=== Begin Enclosure ===

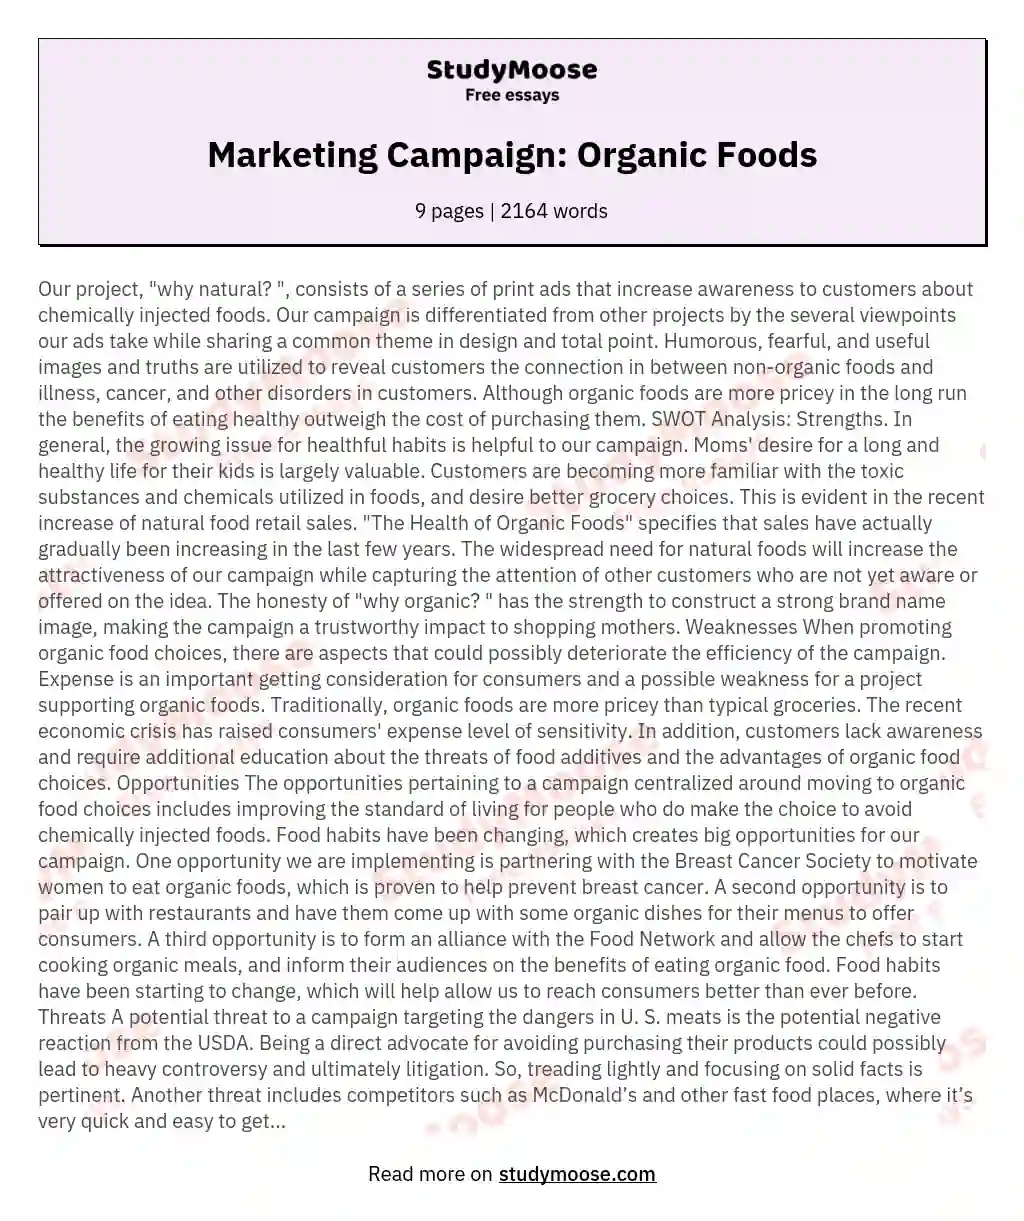 Marketing Campaign: Organic Foods
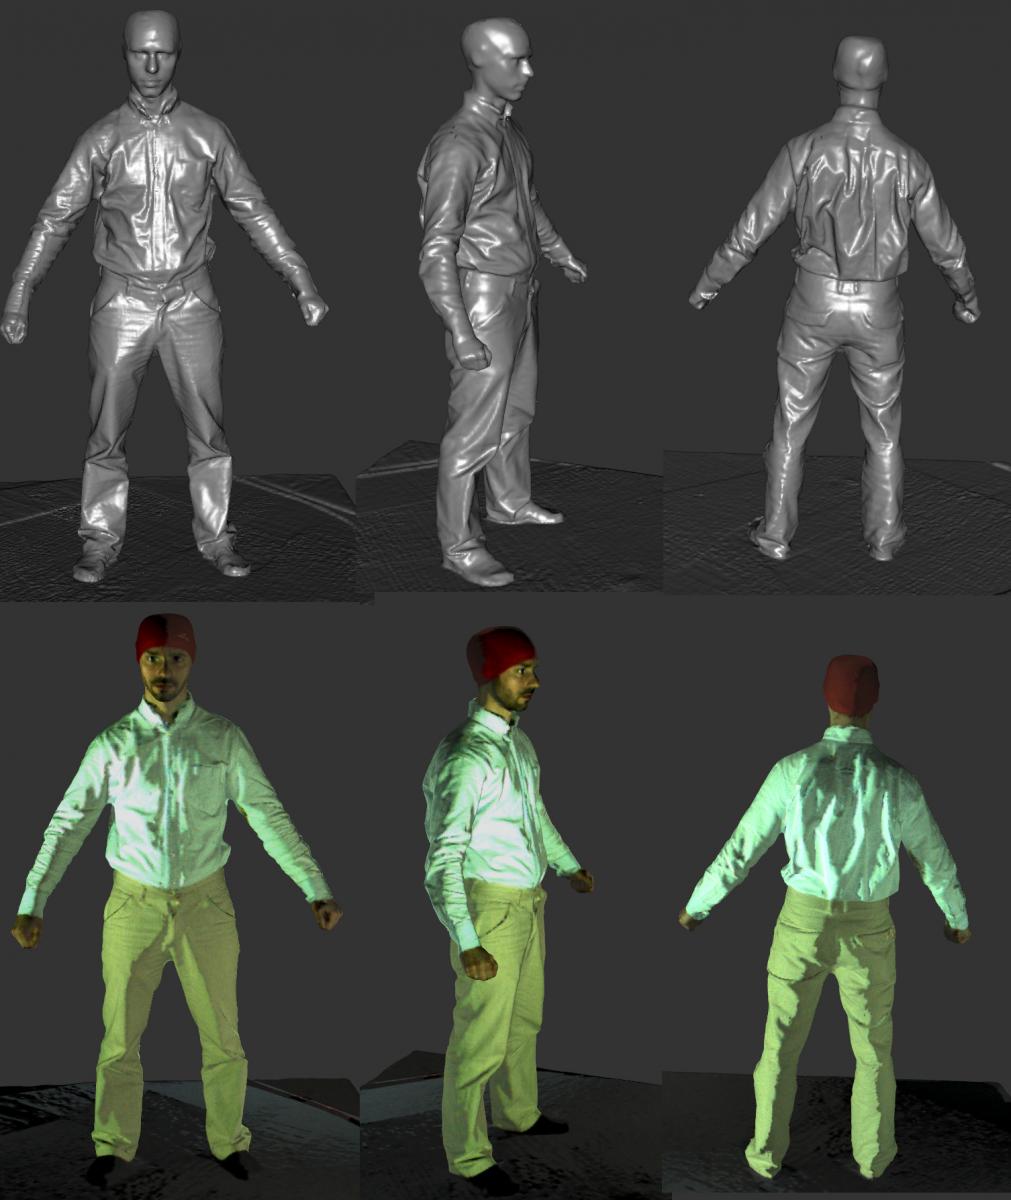 3D Body Scanning
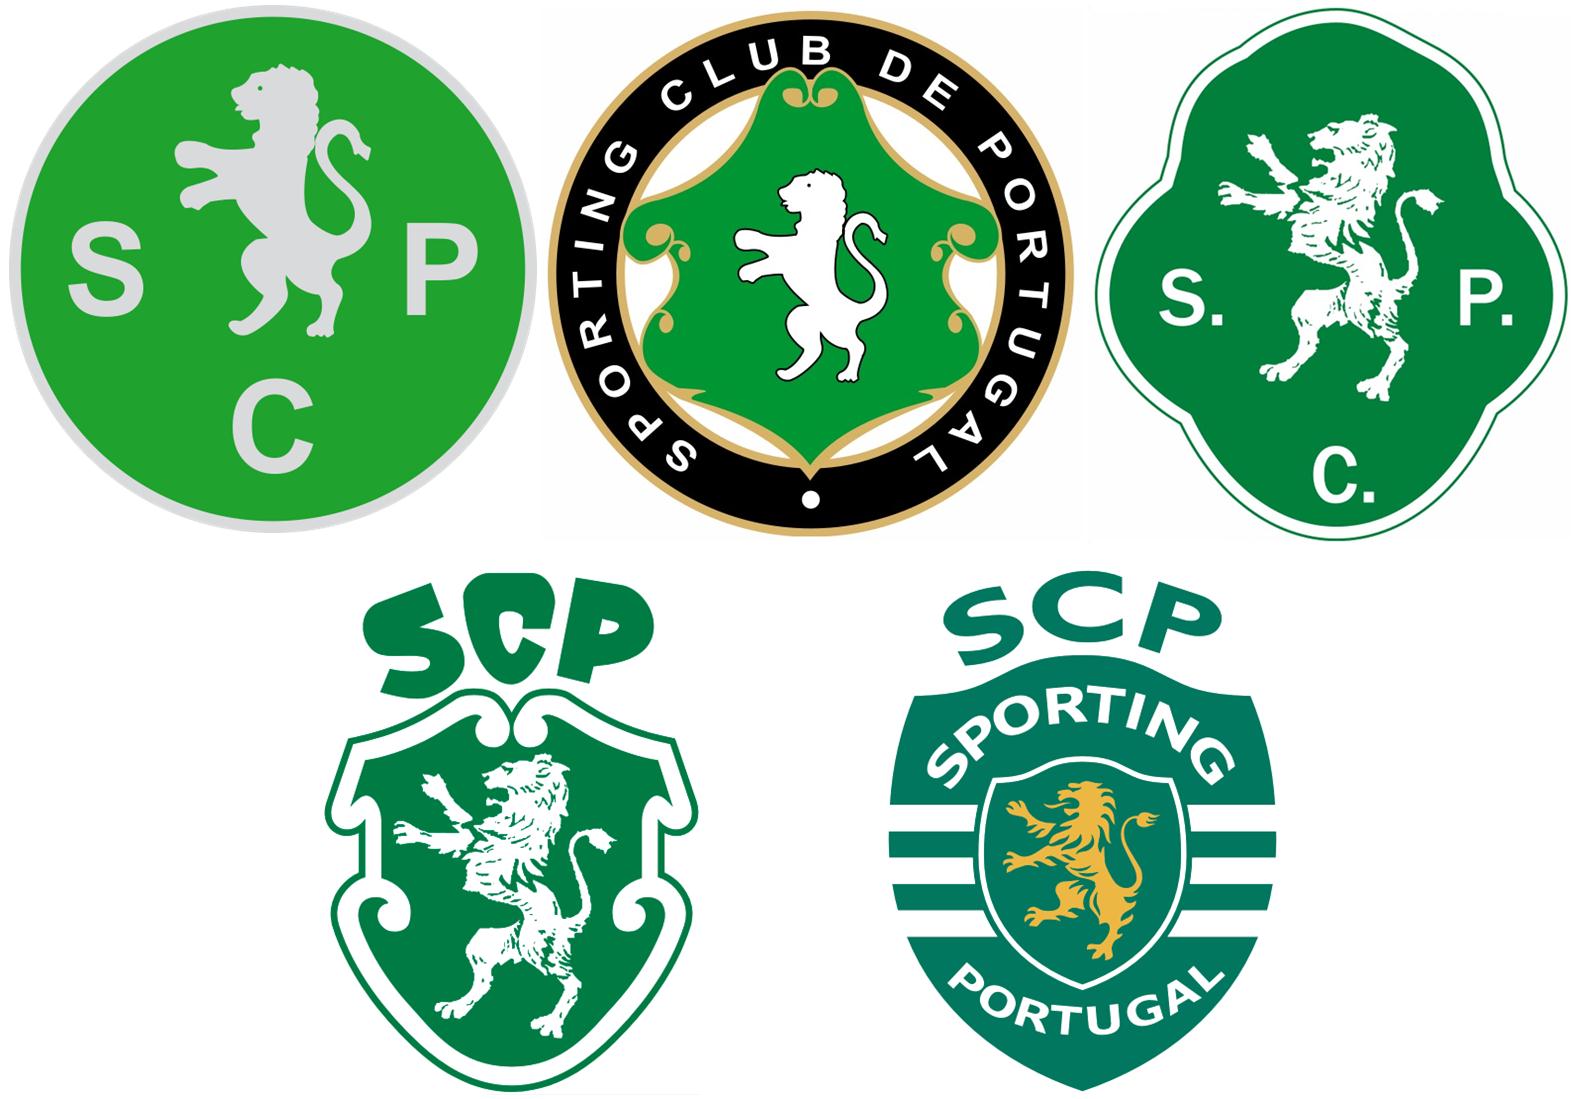 Спортинг футбольный клуб таблица. Спортинг логотип. Sporting Portugal лого. ФК Спортинг Лиссабон Эволюция эмблемы. Фиеста футбольный клуб.

=== End Enclosure ===

* **What is needed**: Transcribe exactly the line containing "3D Body Scanning" and every line after it through the end of the listing above; pictures are not part of the copy.

* **Result**:
 3D Body Scanning
 Спортинг футбольный клуб таблица. Спортинг логотип. Sporting Portugal лого. ФК Спортинг Лиссабон Эволюция эмблемы. Фиеста футбольный клуб.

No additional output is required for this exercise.